## [WHAT IS BEING ASKED]
What is needed is an exact copy of the listing, with no pictures in it.

## [DATA EXCERPT]
<<<<
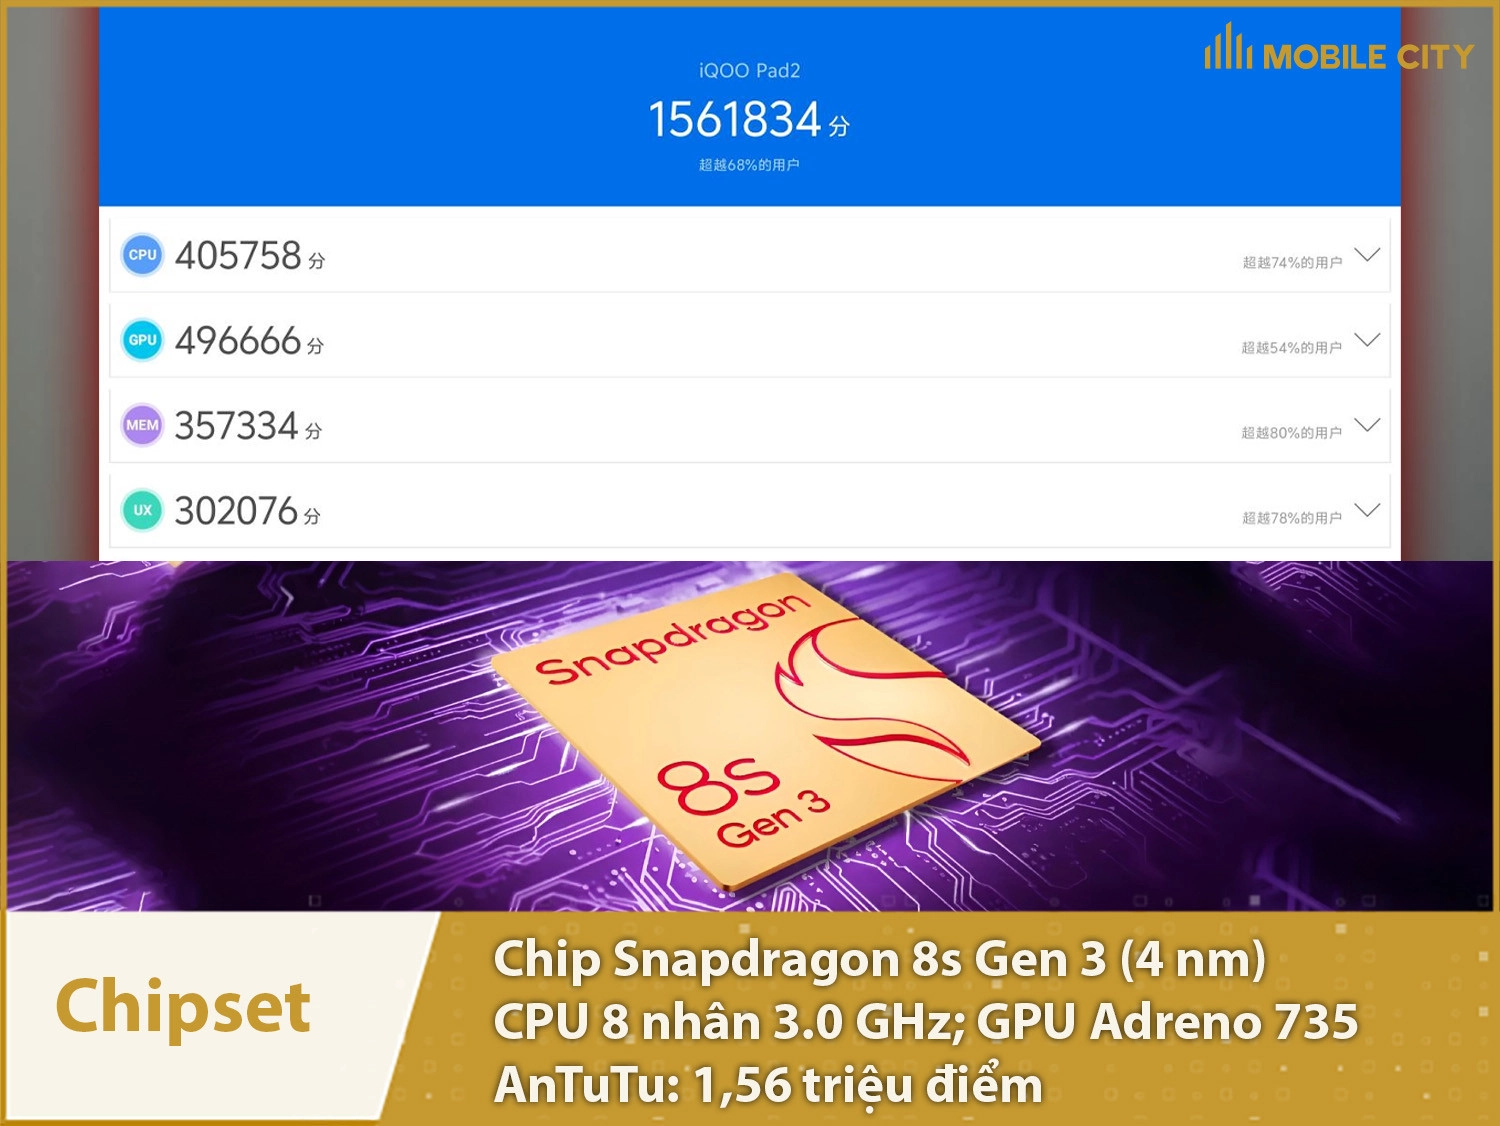 Chip Snapdragon 8s Gen 3 có hiệu năng vô cùng mạnh với hơn 1,65 triệu điểm AnTuTu
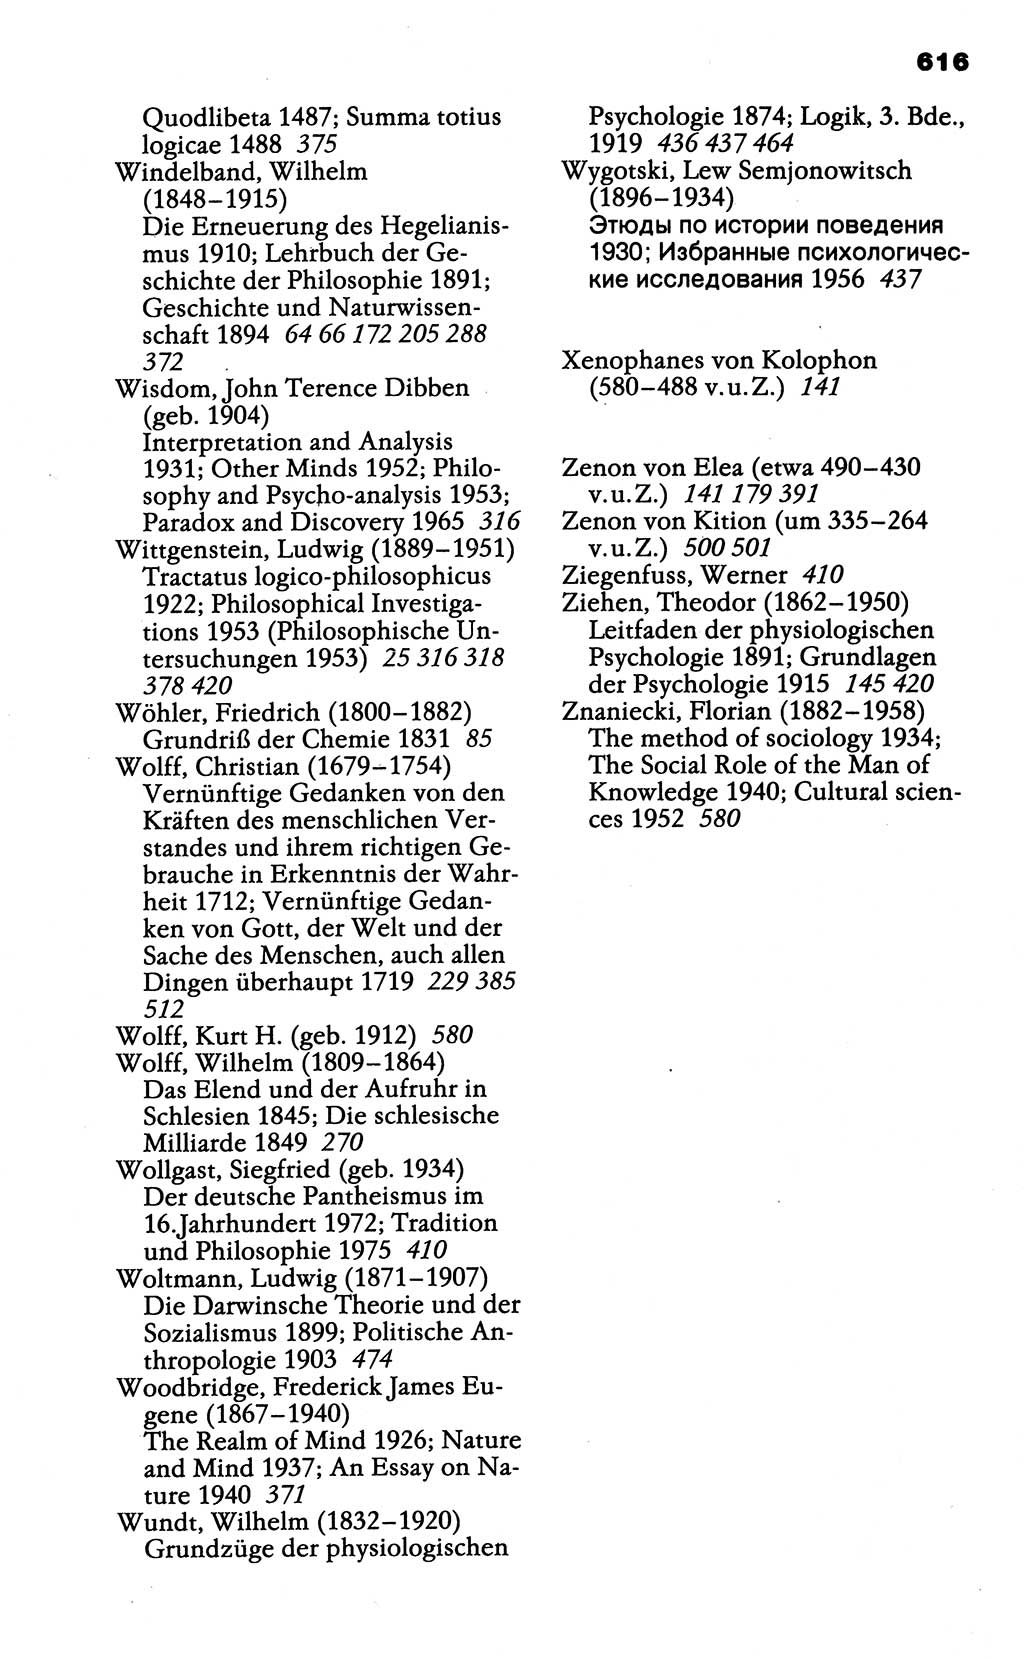 Wörterbuch der marxistisch-leninistischen Philosophie [Deutsche Demokratische Republik (DDR)] 1985, Seite 616 (Wb. ML Phil. DDR 1985, S. 616)
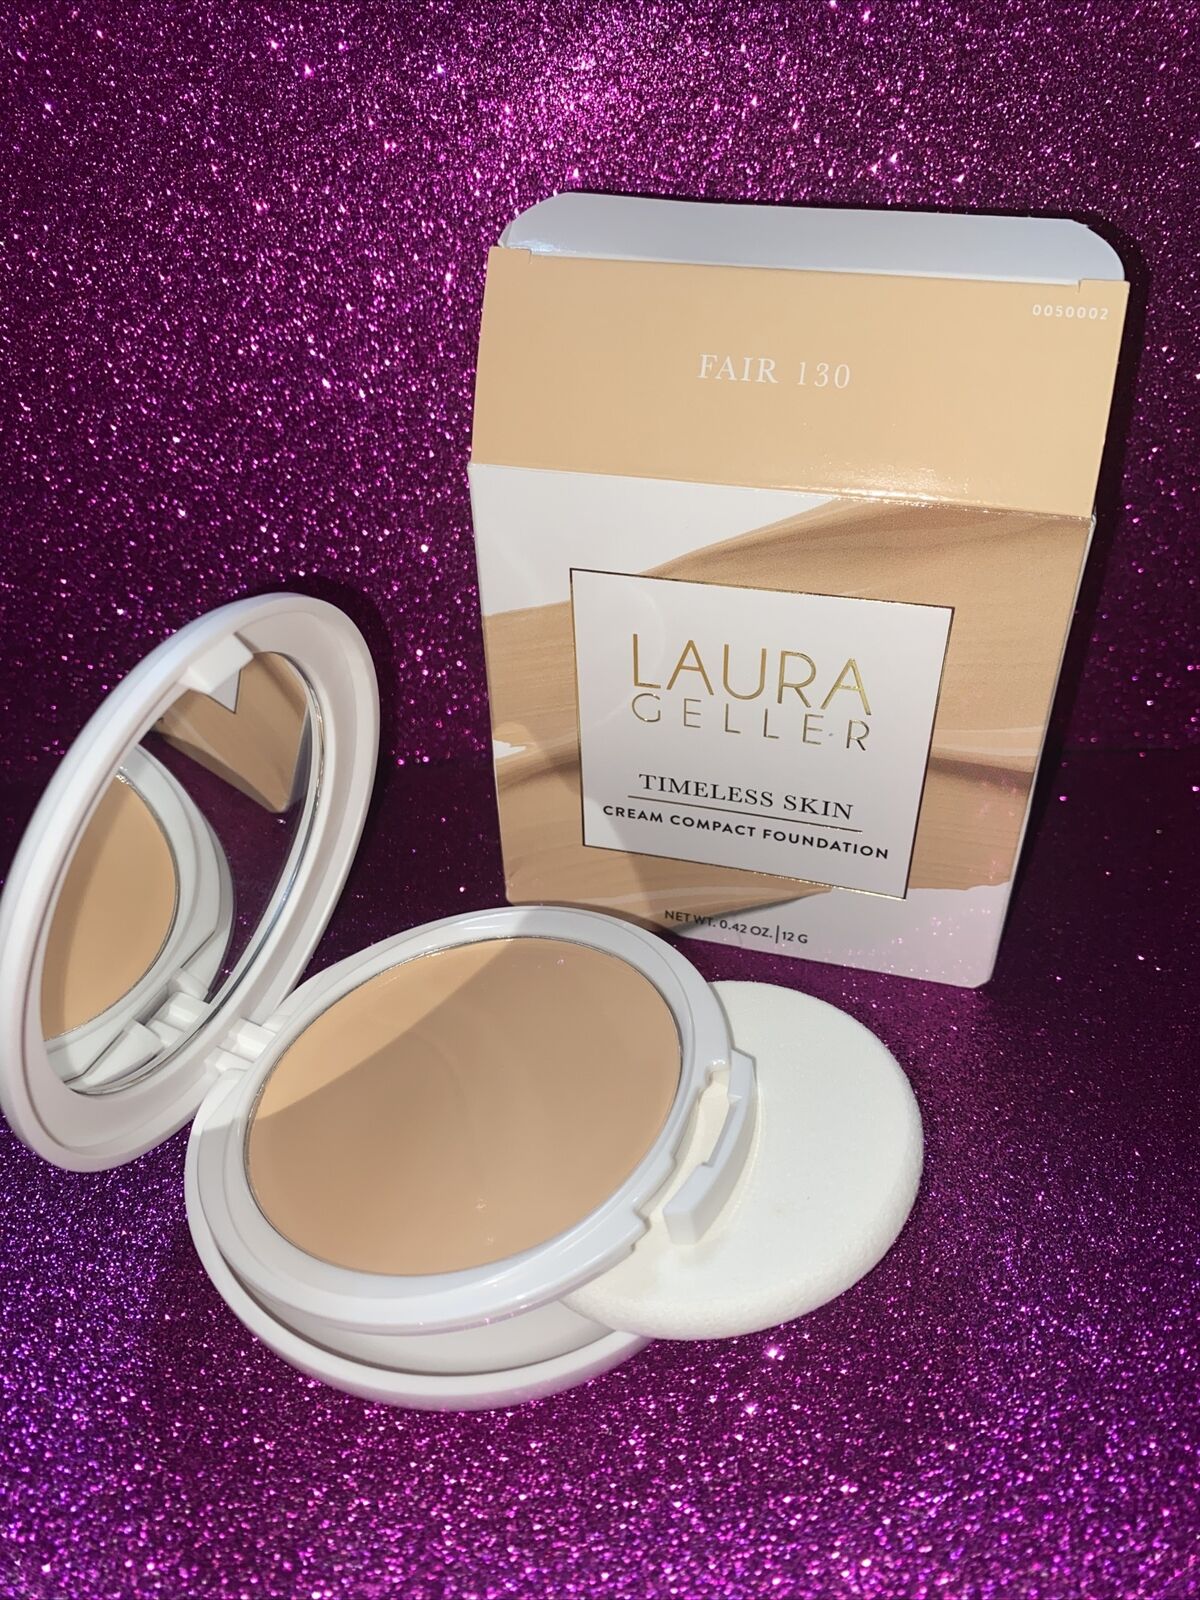 Laura Geller Timeless Skin Cream Compact Foundation 0&period;42 oz &lpar;12 g&rpar; - FAIR 130
>>>>
## [RESULT FOR THIS EXERCISE]
 Chip Snapdragon 8s Gen 3 có hiệu năng vô cùng mạnh với hơn 1,65 triệu điểm AnTuTu
 Wörterbuch der marxistisch-leninistischen Philosophie [Deutsche Demokratische Republik (DDR)] 1985, Seite 616 (Wb. ML Phil. DDR 1985, S. 616)
 Laura Geller Timeless Skin Cream Compact Foundation 0&period;42 oz &lpar;12 g&rpar; - FAIR 130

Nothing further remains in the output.